Attorney, Agent or Firm: Watson, Cole, Grindle &
Watson
Claims
We claim:
1. Arrangement on a railbound vehicle comprising a car body, at
least first and second bogies and at least one hydraulic cylinder
mounted at each side of each bogie, each said cylinder including a
lower working space and an upper working space and each said
cylinder being attached at its lower end to the bogie side and at
its upper end to the car body for tilting the car body in track
curves, and includes
first interconnection means for communicating the lower working
spaces of left-handed cylinders of the respective first and second
bogies and second interconnection means for communicating said
lower working spaces of said left-hand cylinders with the upper
working spaces of right-hand cylinders of the respective first and
second bogies, said first and second interconnection means forming
a first freely communicating conduit system,
third interconnection means for communicating the lower working
spaces of said right-hand cylinders of the respective first and
second bogies and fourth interconnection means for communicating
said lower working spaces of said right-hand cylinders with the
upper working spaces of said left-hand cylinders of the respective
first and second bogies, said third and fourth interconnection
means forming a second communicating conduit system, and
a single servo valve connected to said first and second
communicating conduit systems to control the tilt of the car body
by forcing all of said hydraulic cylinders of the vehicle to
cooperate in order to tilt the car body through a coordinated
rotational movement.
2. Arrangement according to claim 1, further comprising means for
measuring lateral acceleration of at least one of the bogies of the
vehicle, said means for measuring lateral acceleration producing a
control signal for controlling the single servo valve.
3. Arrangement according to claim 1, further comprising means for
measuring the tilt angle of said at least first and second bogies
and means for determining a difference in said measured tilt
angles, and for providing a control signal for said single servo
valve which reflects a transition curve in the track.
4. Arrangement according to claim 3, further comprising means for
measuring both the time or space rate of change of superelevation
and lateral acceleration of the vehicle, means for correlating the
time rate of change of lateral acceleration and the time or space
rate of change of superelevation and providing a correlation signal
reflecting transition curves in the track, said correlation signal
controlling a filtering of measured quantities used to provide said
control signal.
5. Arrangement according to claim 1, further comprising means for
measuring both the time or space rate of change of superelevation
and lateral acceleration of the vehicle, means for correlating the
time rate of change of lateral acceleration and the time or space
rate of change of superelevation and providing a correlation signal
reflecting transition curves in the track, said correlation signal
controlling a filtering of measured quantities used to provide a
control signal.
Description
TECHNICAL FIELD
The present invention relates to an arrangement for a railbound
vehicle with hydraulic cylinders for tilting of the car body in
track curves.
BACKGROUND ART
In vehicles with an active hydraulic tilting of the car body, the
tilting is usually controlled by two servo functions, one per
bogie, each function comprising a servo valve, hydraulic
cylinder(s) and some form of mechanical bolster.

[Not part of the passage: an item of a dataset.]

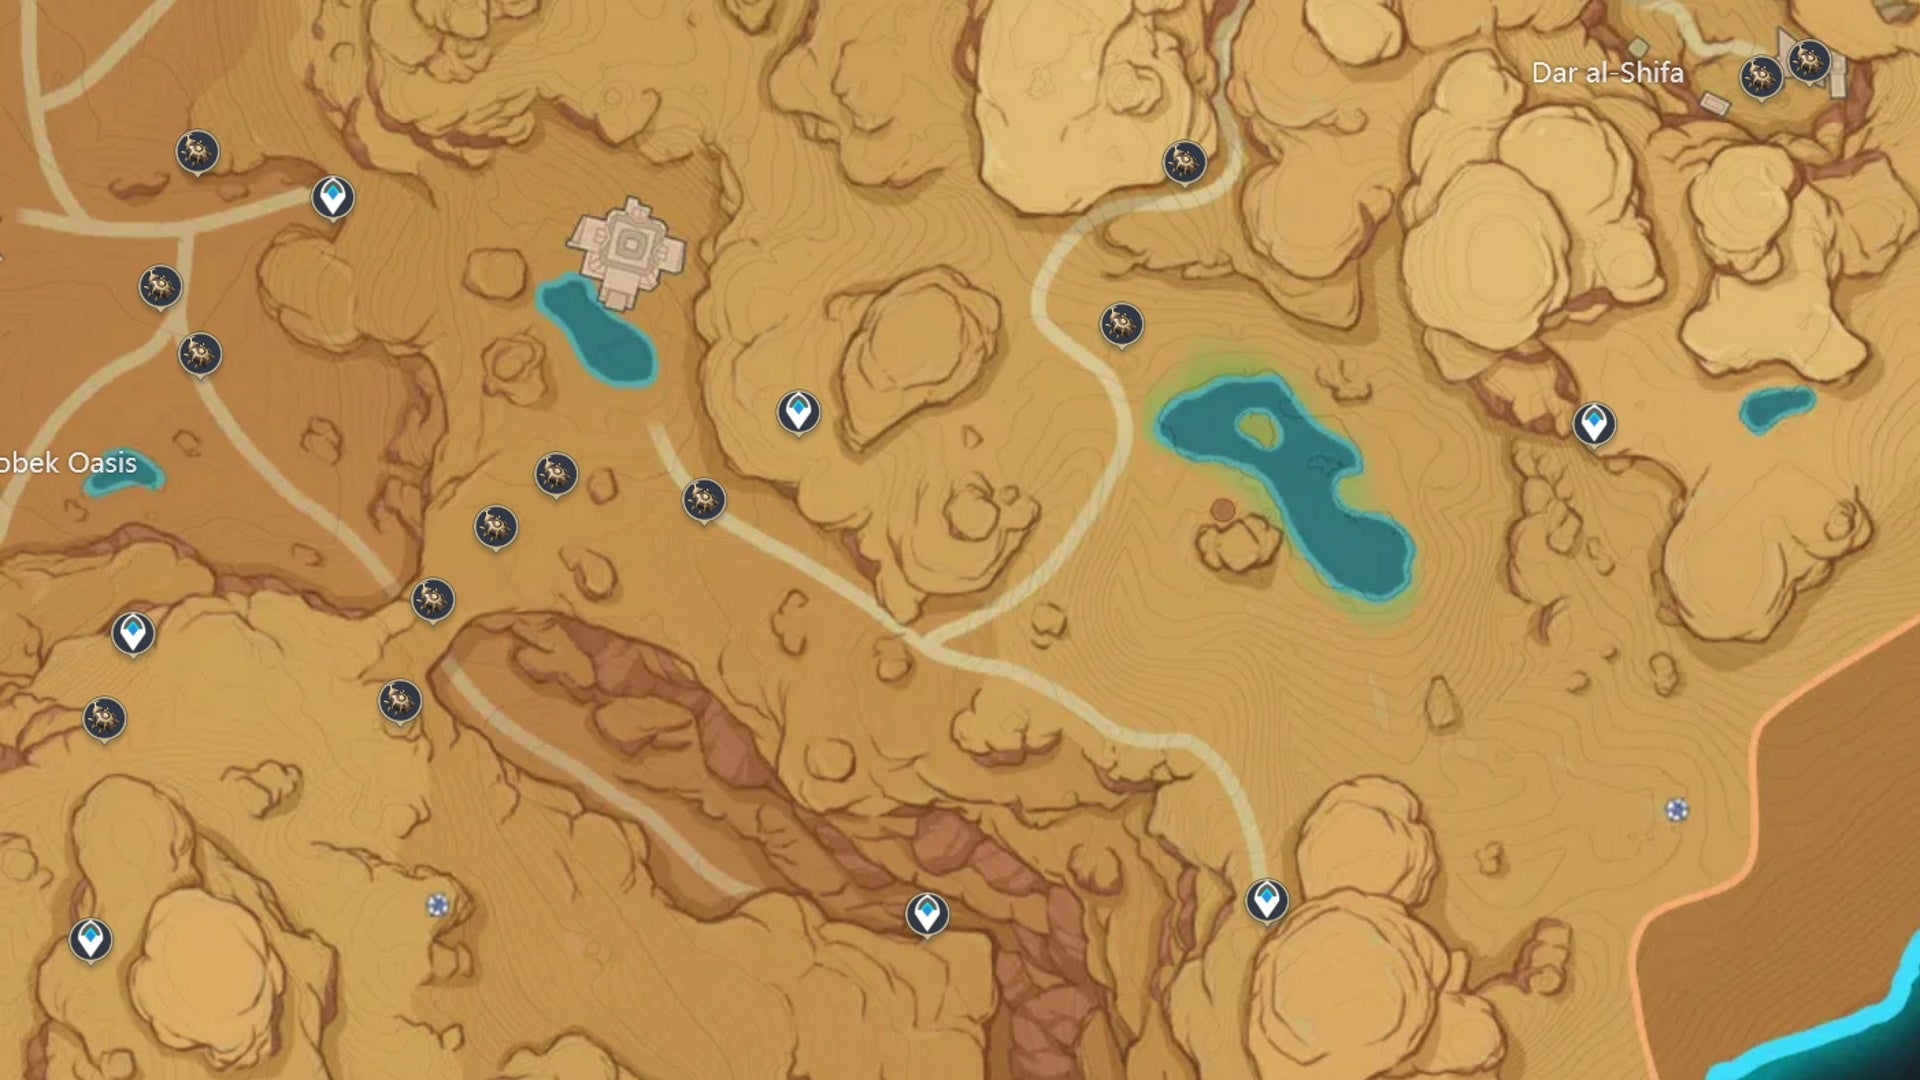 Genshin Impact Scarab locations: A map image showing Sobek Oasis scarab locations

Such
multi-function systems involve the risk that the two (or the
different) servo functions may start acting against each other via
the relatively torsionally rigid car body, which gives diagonal
unloading and loading stresses on the wheels of the two bogies.
This, in turn, may entail a risk of derailment and this eventuality
thus requires an extensive monitoring system. (See further FIG. 1
and the associated text.)
From, for example, Swedish patent specification 381 012, a similar
arrangement is already known, in which the distance between the car
body and the different bogies on both sides of the car body is
measured for the purpose of obtaining an output quantity, which
constitutes a measure of the rotation of the different bogies in
relation to the car body. The intention is to obtain a fast
indication of the vehicle's entry into and exit out of a track
curve. This signal together with, for example, the lateral
acceleration signal, may be utilized as control signal(s) to the
tilting system of the vehicle. The intention is to develop a
tilting system which provides a comfortable journey for the
passengers without any significant influence of lateral
acceleration, and to make possible greater train speeds. It is also
desired to avoid sensitivity to any unevenness of the track.
SUMMARY OF THE INVENTION
The invention relates to a solution to the above problems and other
problems associated therewith. The invention is characterized in
that the hydraulic cylinders mutually communicate and that the
tilting of the car body is adapted to be controlled by a servo
function comprising one servo valve per vehicle.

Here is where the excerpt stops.